Results: RF (94% F-score, 82% AUC) and NB (89% F-score, 82% AUC) were the most optimal models to detect VL suppression and non-suppression when applied to unseen data. The optimal parameters for RF were 1,000 estimators and no maximum depth (Random state = 40), and it identified Regimen schedule_6-Month, Duration on ART (months), Last ART CD4, Regimen schedule_Regular, and Last Pre-ART CD4 as top predictors for VL suppression.

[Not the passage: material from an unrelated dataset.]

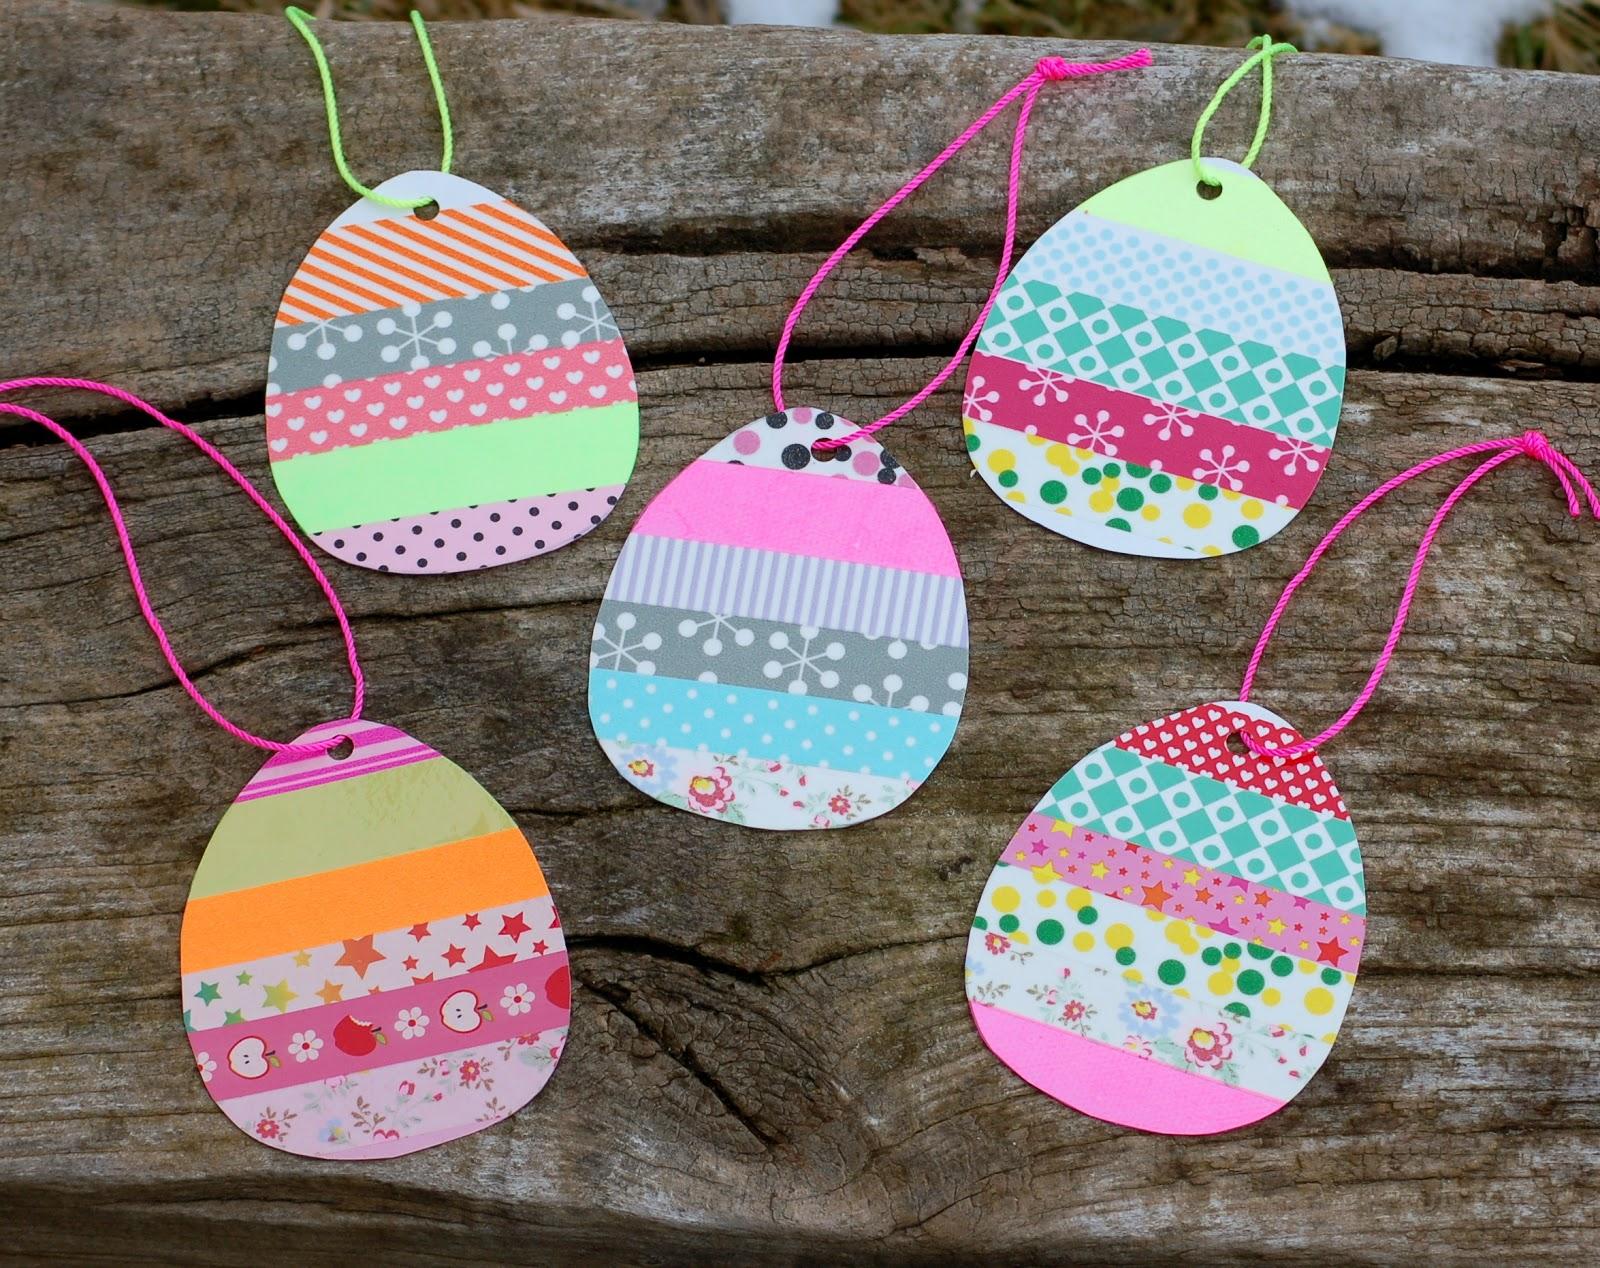 Pep et påske-æg! - SlinkyPiinky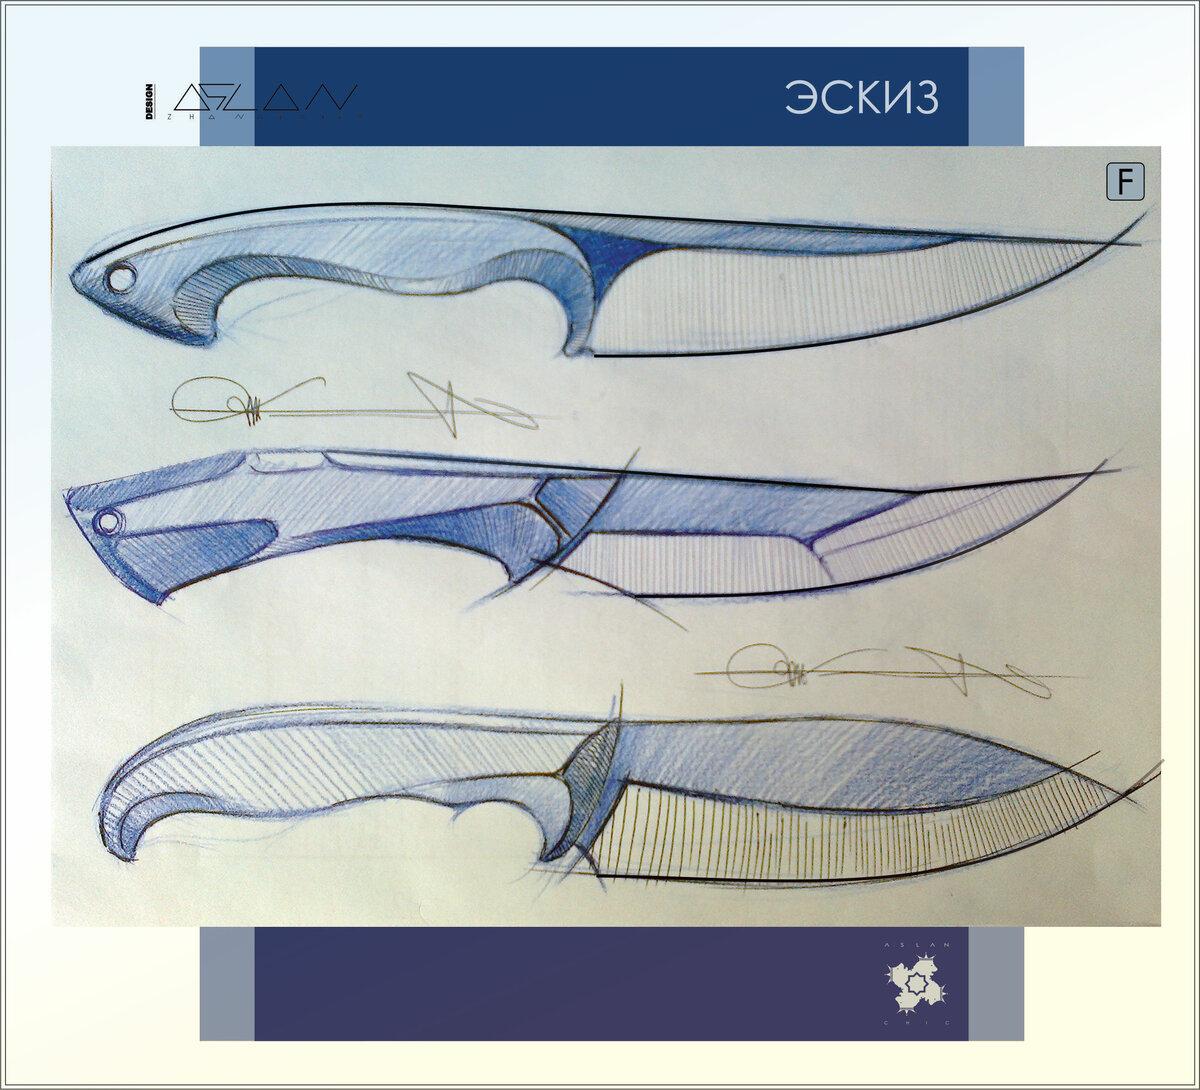 такие форма ножей в картинках картинки когда пукан

Conclusion: This study demonstrated the capability to predict VL suppression but has some limitations. The results are dependent on the quality of the data and are specific to the Guinea context and thus, there may be limitations with generalizability. Future studies may be to conduct a similar study in a different context and develop the most optimal model into an application that can be tested in a clinical context.